Eh biraz ahvalimden söz etmenin zamanıdır öyleyse.Yani söz etmemi gerekli kılan sağlam sebepler mevcut heybemde.Zaman içerisinde onları birer birer toplayıp attım heybenin içine.Toplarken durup da bakmaya vakit ayıramadığım,hayata yeniden başlayabilmem için heybenin içindeki sebepleri çıkarıp da önüme seremediğim onca zaman...3 yıl arkadaşlar...Az buz değil!..Ömrümden çaldığım koca 3 yıl...Belki de önümde yaşamak için bir 3 yıl daha yok.Ya da bundan sonra attığım adımları daha sağlam atabilmem için bu zamanı böyle geçirmek gerekliydi her şeyden çok.Düşünceler iyimserliğe göre değişir durum için.
Şimdi konudan sapıyorum...Biraz aykırılıktan kimseye zarar gelmez,değil mi? Yazının orta yerinde şarkı paylaşmak adetim değildir.Ama istiyorum ki artık eskisine göre farklı dursun yazılarım da.
Celine Dion - New Day Has Come
Dinlerken paylaşmak istedim...Paylaşmak güzeldir...

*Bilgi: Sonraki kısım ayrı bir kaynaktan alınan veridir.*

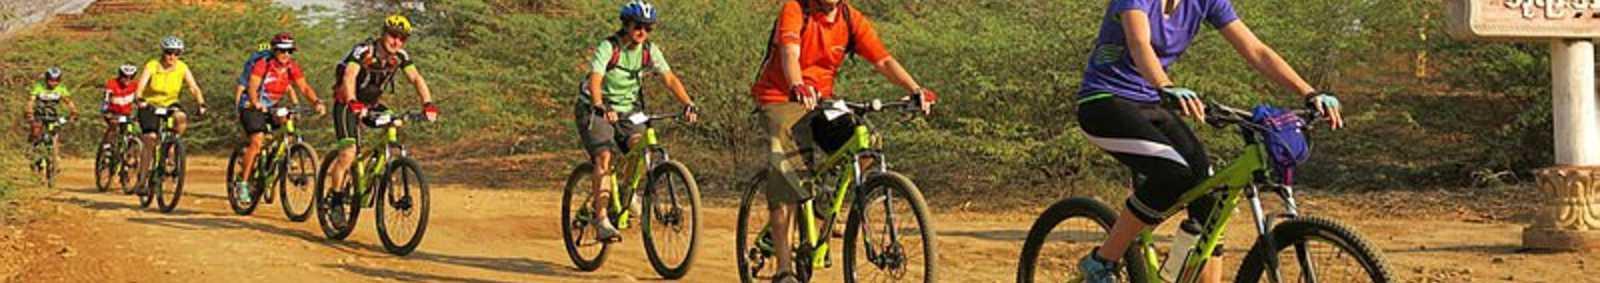 cycling in Bagan
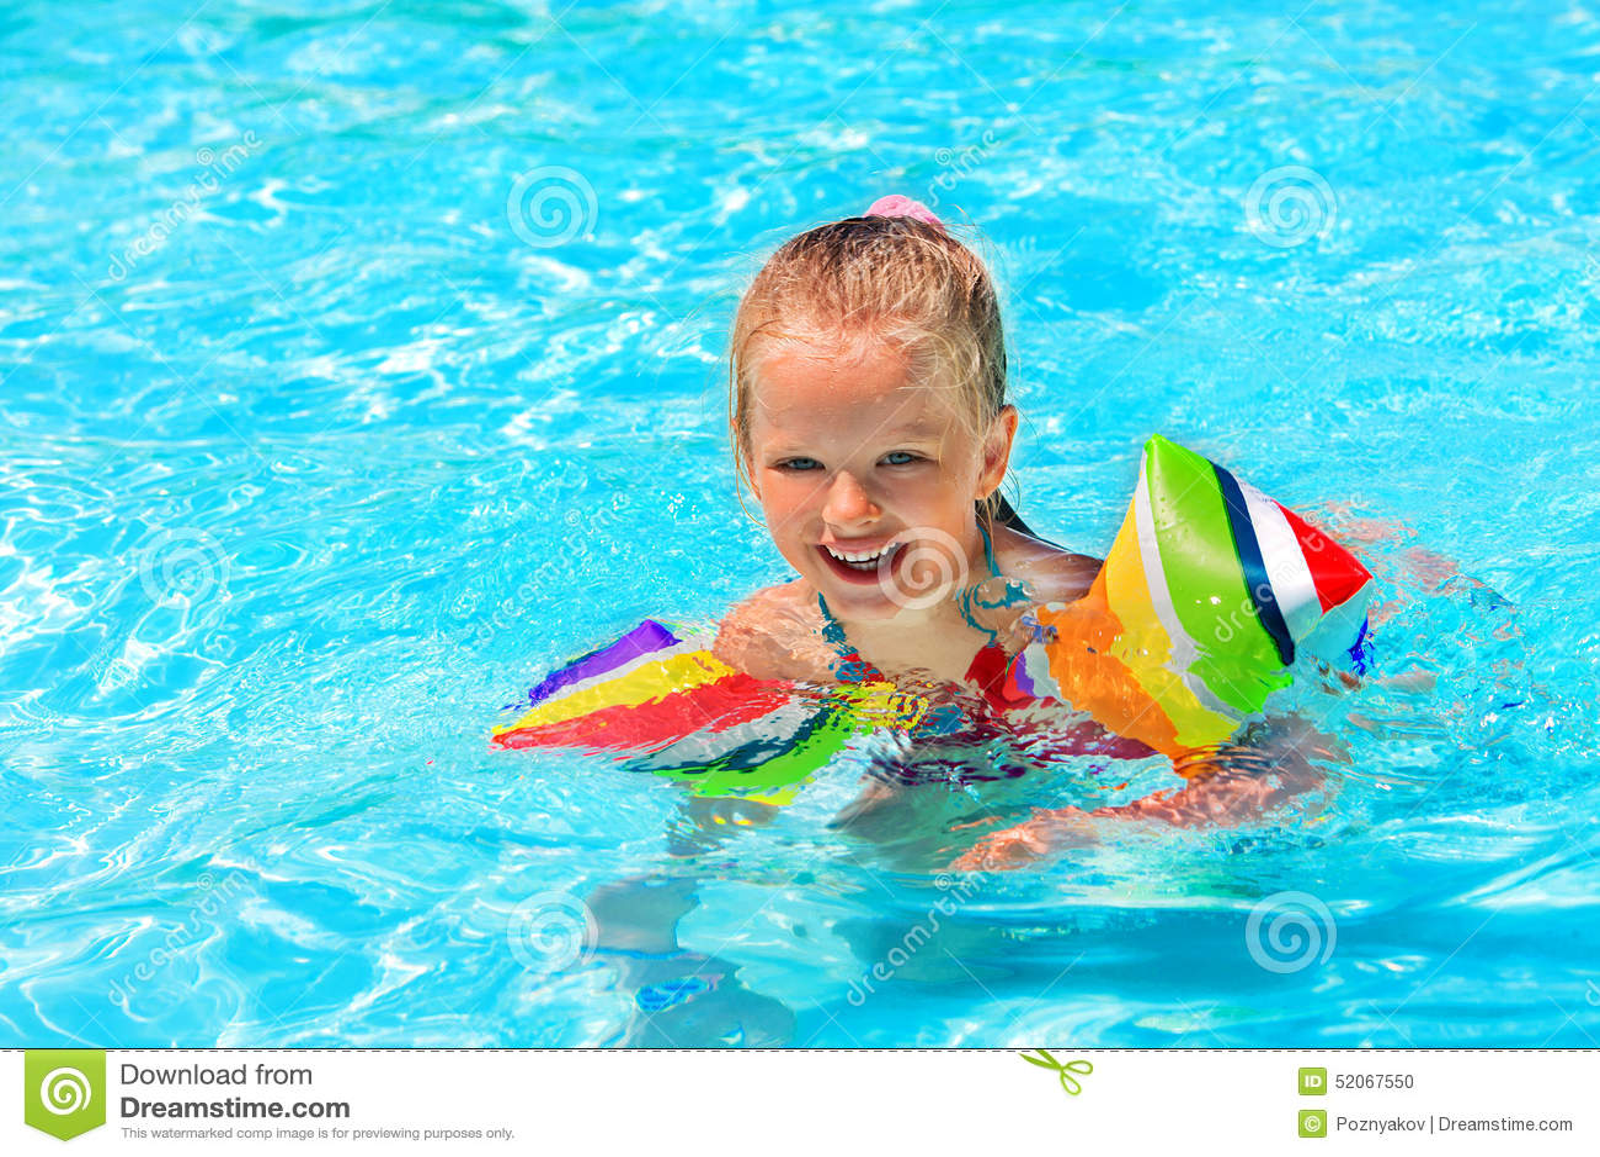 Enfant avec des brassards dans la piscine photo stock for Brassards piscine

Yazıya kaldığımız yerden devam edelim efendim,kızmayınız lütfen...Yazının gidişatını bile değiştirebiliyor bazen dinlediklerim.Bencillik etmek istemedim.
Nerde kalmıştık? Hah! Tamam! Sözün özü 3 yılım eğitim,sosyal ve aile hayatımdan mahrum bir şekilde geçti.Tembelliğin daniskasını yaptım.Oblomovluk ki hem de nasıl.Çok üzüldüm,çok ağladım,depresyonu koza gibi dört bir yanıma sardım.İçinden elbette farklı bir şekilde çıkacaktım o kozanın.Uyku hapları...Depreksler...Prozaclar...Kozanın içerisindeyken ana besin maddelerim.Haliyle epey bir kilo kaybım oldu,en mutlu günlerimden boşluğa düşeli...13-14 küsür kilo kaybettirdi bana oblomovluk,oblomovun tersine...
Burda çiziktirdiğim her satır o kozaya geçirdiğim tırnaklarımdan biriydi.Biliyorum ki kabullenemeyişlerim,itirazlarım ve isyanlarımın hepsi o kozayı parçalamama yadımcı olan şeylerdi.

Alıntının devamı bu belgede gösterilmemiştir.